Bamboo Dolls of Echizen
- Author: Tsutomu Mizukami
- Original title: Echizen take ningyo
- Translator: Dennis Washburn
- Language: Japanese
- Publisher: Chūōkōron-sha
- Publication date: 1963
- Publication place: Japan
- Published in English: 2008
- Media type: Print

= Bamboo Dolls of Echizen =

1963 Japanese novella

Bamboo Dolls of Echizen (越前竹人形, Echizen take ningyo) is a novella by Japanese writer Tsutomu Mizukami first published in 1963.

==Plot==
Kisuke Ujiie grows up in the small village of Takekami in Echizen Province as the only child of Kizaemon Ujiie, a widower who lost his wife when Kisuke was only three. From his father, Kisuke has inherited his small stature, but also a distinguished talent for the art of bamboo crafts. When Kizaemon dies, handing down his manufacture to his 21-year-old son, a woman in her thirties named Tamae shows up in the village and asks Kisuke to allow her to say a prayer at his father' grave. She explains that she is from the town of Aware and that his father had treated her kindly years ago. A few weeks later, Kisuke looks for Tamae in Aware, discovering that she is working as a prostitute in the town's illegal pleasure quarters and that his father had once been a regular client of hers. Kisuke takes Tamae as his wife on the grounds that their marriage is celibate, as he sees in Tamae foremost a surrogate mother.

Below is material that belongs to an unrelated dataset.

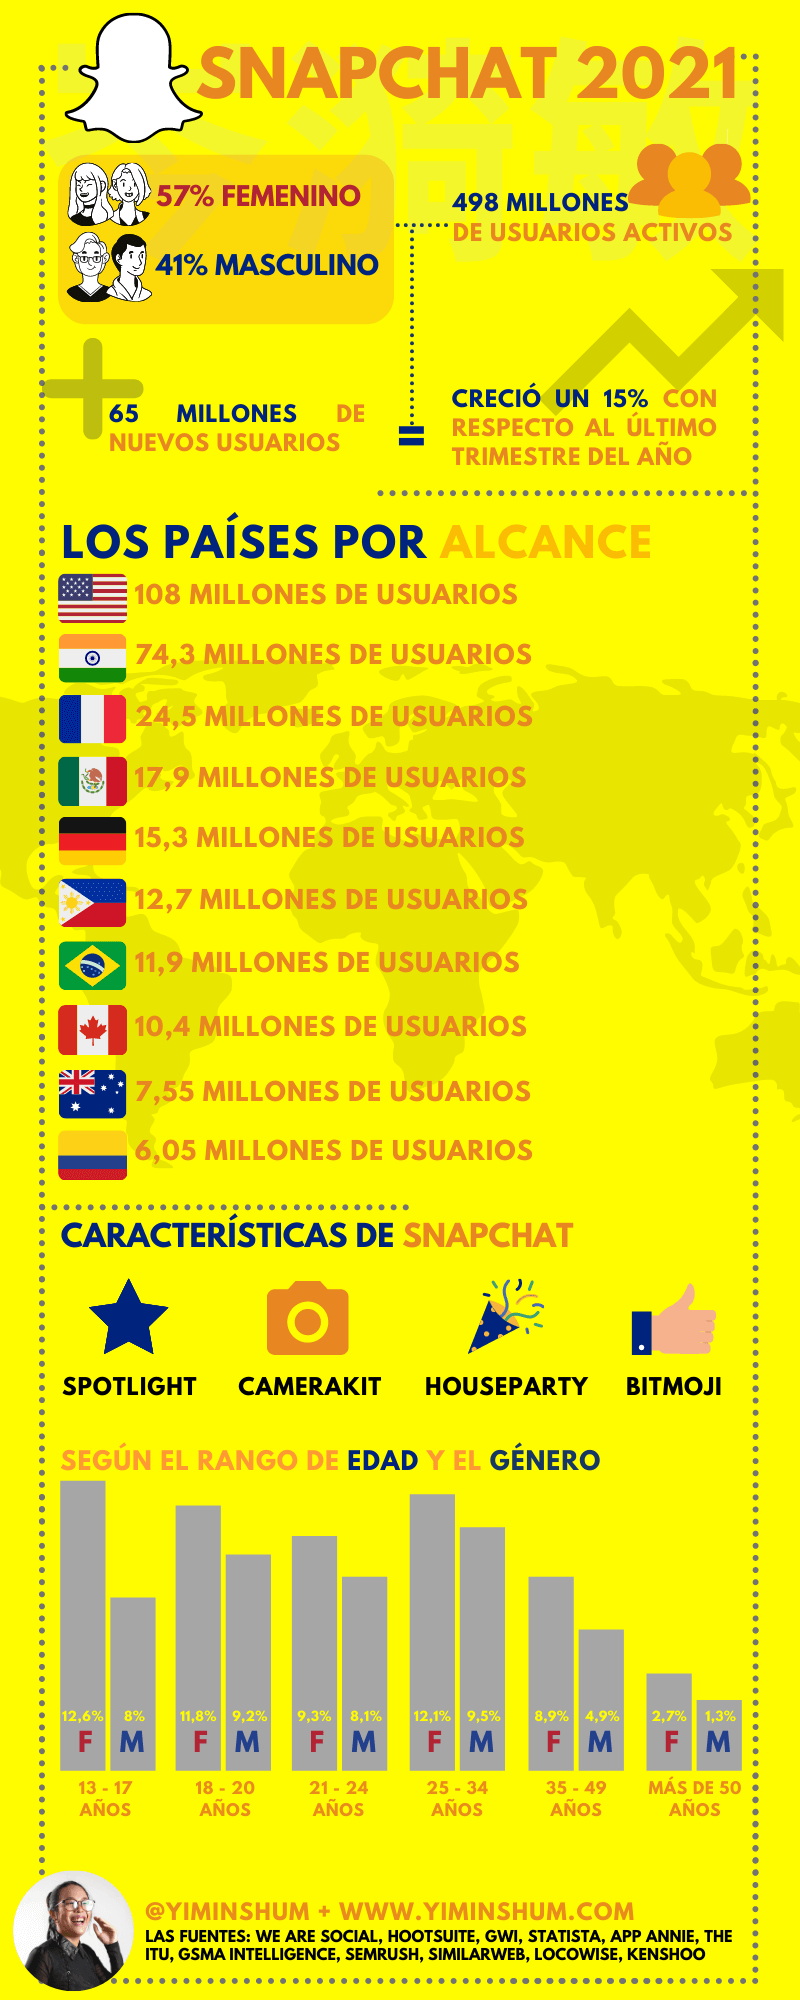 Los datos de Snapchat en 2021 #infografia #infographic #socialmedia

Motivated by a meticulously crafted bamboo doll which his father once had made for Tamae, Kisuke starts making his own dolls, which soon become sought after artifacts. When the head clerk of a Kyoto based artware store, Chūbei, arrives in Takekami for a business call, he recognises Tamae from her early years as a prostitute whom he often frequented. Sexually unsatisfied and out of nostalghia, Tamae gives in to his rough advances, but soon feels guilty for her deed. A few months later, Tamae's health deteriorates, and she learns that she is pregnant by Chūbei. Tamae travels to Kyoto under the pretence that she wants to collect the money Kisuke's customers owe him, but actually wants Chūbei to help her get an abortion. Chūbei seduces her again, only to claim later that he can't find anyone for the procedure, as abortions without the husband's consent are illegal. Tamae eventually loses her child by accident, and she returns to the unknowing Kisuke, helping him in his flourishing business as before. During the next Winter, she falls ill with tuberculosis and finally dies. It is the year 1925.

In the final chapter it is revealed that Kisuke stopped making dolls after Tamae's death and committed suicide three years later. His marker stone stands next to Tamae's and his father's in the bamboo grove which his family once cultivated.

==Background==
Bamboo Dolls of Echizen was published by Chūōkōron-sha in 1963 and met with critical acclaim, including the praise of writer Jun'ichirō Tanizaki. It became a best-selling book and is still regarded as one of Mizukami's most popular works in Japan.

In his 2004 obituary for Mizukami in The Independent, James Kirkup described Bamboo Dolls of Echizen as being "full of […] peculiar local colour" and "a fascinating ethnographical study of a primitive and spooky culture".

==Translations==
Bamboo Dolls of Echizen was published in an English translation provided by Dennis Washburn in 2008 as part of a two-novella-anthology (the other being Mizukami's 1961 The Temple of the Wild Geese). It has also been translated into French language.

==Adaptations==
Mizukami's novella was adapted into a feature film in 1963 by director Kōzaburō Yoshimura and adapted for Japanese television in 1966 and 1973. Mizukami also turned his novella into a stage play, as he did with many of his works.